Yes, you are correct! Some additional info on top of it. 1) OTel JMX Insights, can run as an agent but not as standalone server, it has some preconfigured rules to extract MBeans from JMX server, can be extended by specifying yaml based configurations to extract MBeans.

2) OTel JMX Gatherer can be run as standalone server, as an agent, or inside collector (within JMX receiver), functionality wise it's analogous to prometheus JMX_exporter, but configuration wise it's quite complex, as one needs to write groovy scripts which defines the actual object in form of instrumentation, which is to me is like writing half of the code as part of configuration, eg

      otel.instrument(otel.mbean("Catalina:type=ThreadPool,name=*"), "tomcat.threads", "description", "1",
      ["proto_handler" : { mbean -> mbean.name().getKeyProperty("name") }],
      ["currentThreadCount": ["Thread Type": {mbean -> "current"}],
      "currentThreadsBusy": ["Thread Type": {mbean -> "busy"}]],
      otel.&doubleValueObserver)
would search/fetch the above MBean through the gatherer's connection with JMX server.

3) JMX_exporter from prometheus is like more advanced version of 2, where user can define simplified configs, and it also caches a lot of things to reduce the number of calls to JMX server.


On the other hand, the JMX receiver on the collector helps in facilitating running the gatherer jar in the collector itself, but should allow running other JARs as well (like JMX_exporter from prometheus).

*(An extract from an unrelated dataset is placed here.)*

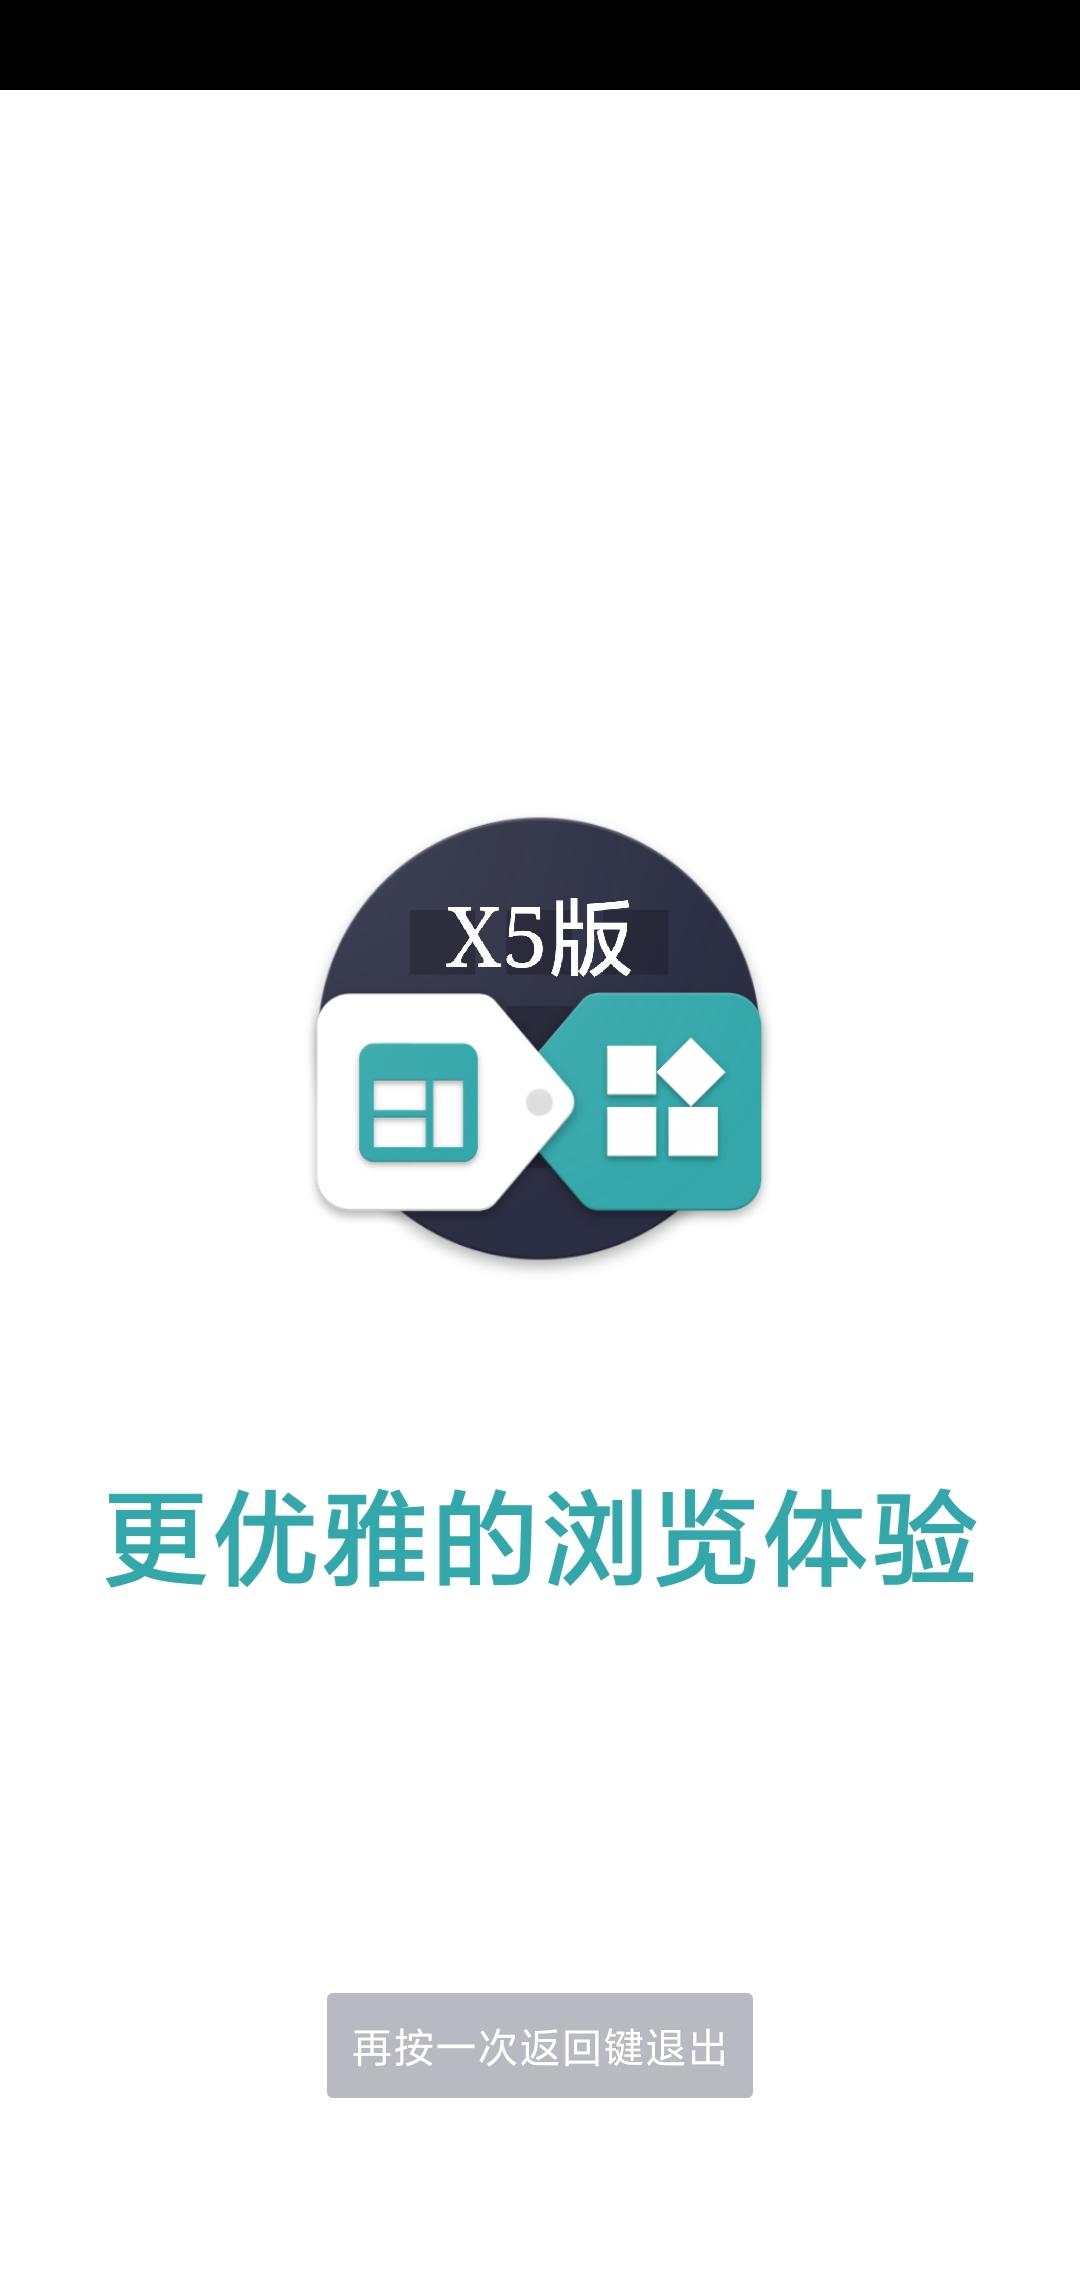 Fusion app x5内核版
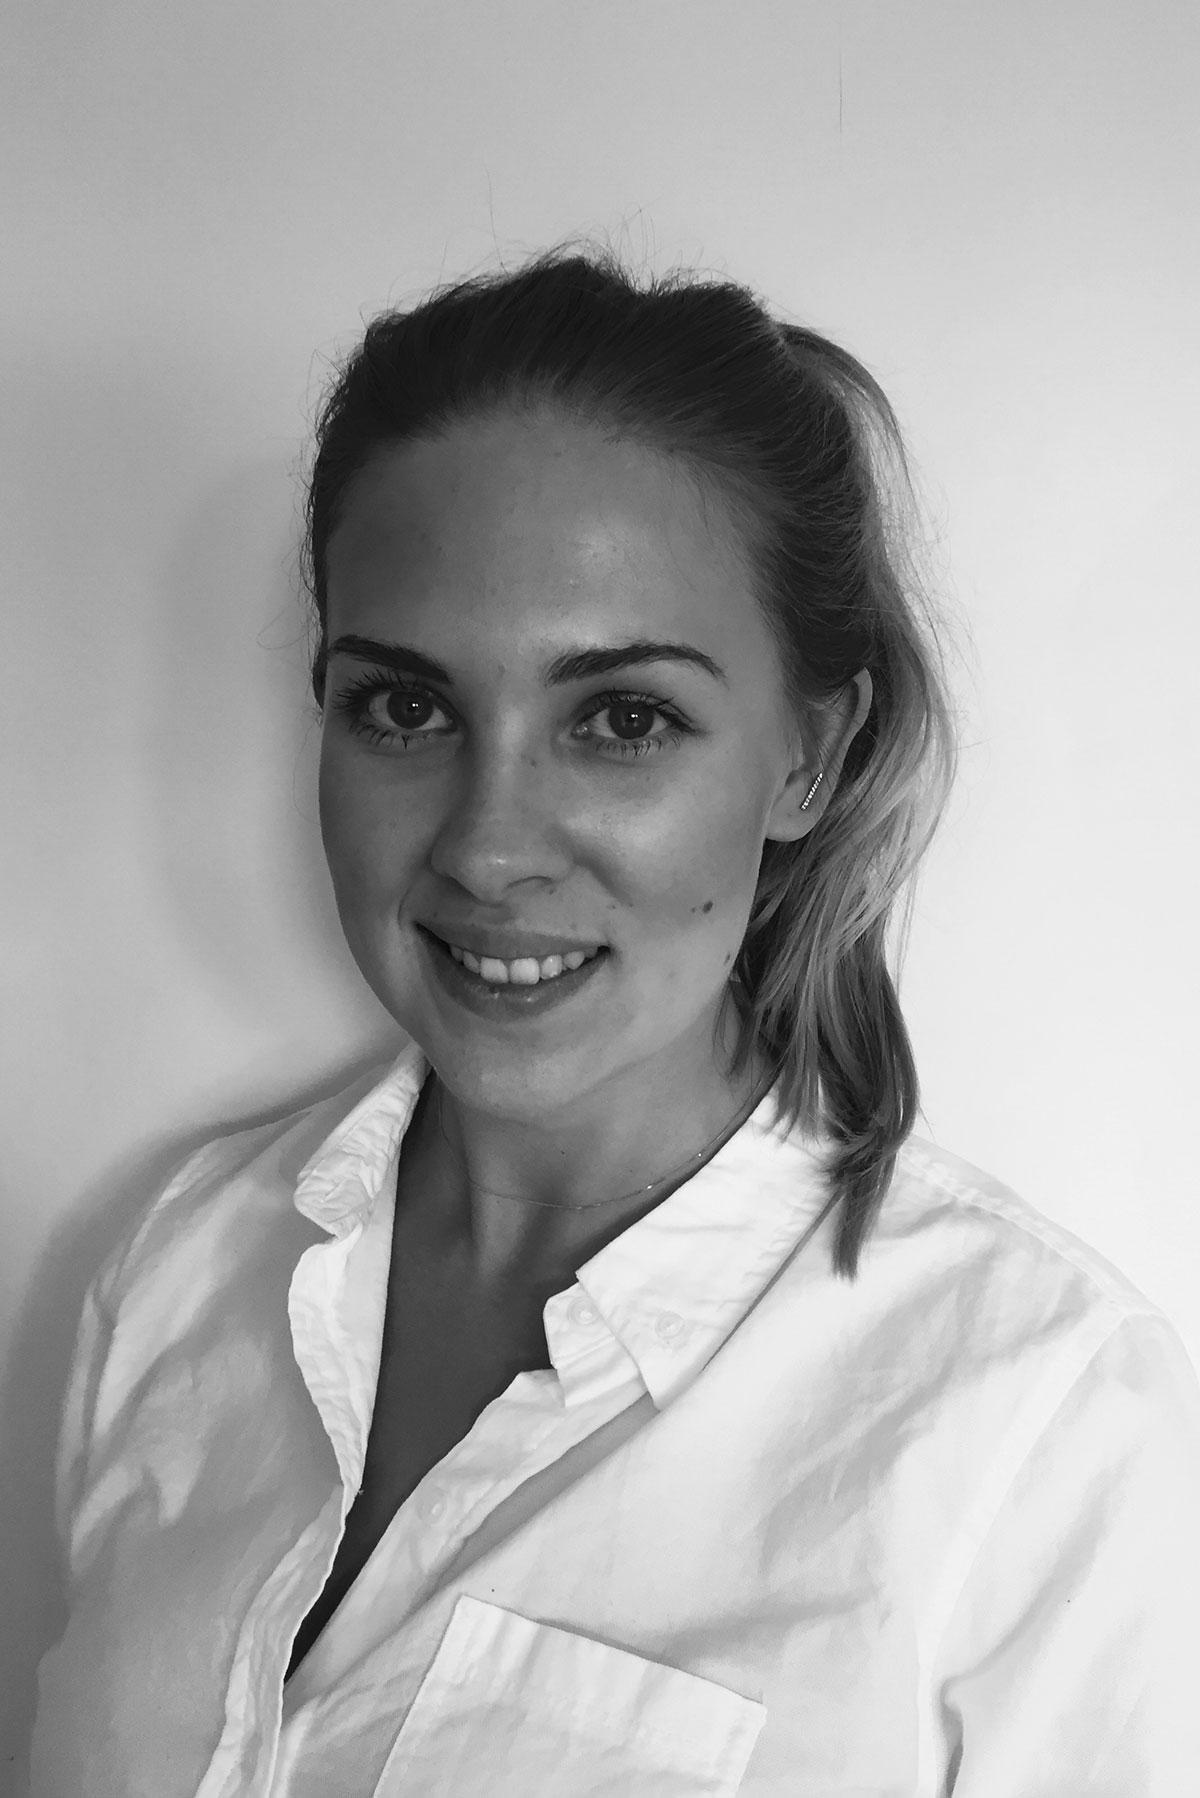 Kathryn Snudden

On the collector side, we can create a unified config translation for respective JARs. (and that is what actually it is doing today, but somewhat hardcoded for gatherer).


For me, the fact that JMX Gatherer could potentially be replaced by Prometheus JMX exporter is nice beyond the scope of this refactoring.

+1 to this, if we compare today, in all the cases JMX gatherer can be replaced by Prometheus JMX exporter, but not in collector. As a user if I'm running things on scale, I'd prefer using Prometheus JMX exporter, based on current implementation of gatherer.


AFAIU, the Prometheus JMX exporter is single threaded, IMO to support metrics collections from multiple JMX servers, if we make it multithreaded where each thread is responsible for corresponding RMI belonging to that particular JMX server, I think it can work without the security concerned raised above. ^ this is something we can keep in mind while merging insight and gatherer. and +1 to have a separate issue for this.

shivanshuraj1333 commented 1 day ago

AFAIU, the Prometheus JMX exporter is single threaded, IMO to support metrics collections from multiple JMX servers, if we make it multithreaded where each thread is responsible for corresponding RMI belonging to that particular JMX server, I think it can work without the security concerned raised above.

Particular to this point, @dhoard WDYT? This is mostly relevant when running as a standalone server and not as agent.

dhoard commented 1 day ago

AFAIU, the Prometheus JMX exporter is single threaded

The Prometheus JMX Exporter...

As a data point, in the past, Maven Central statistics show that the Prometheus JMX Exporter Java agent is primarily being used (by a huge margin) over the standalone exporter.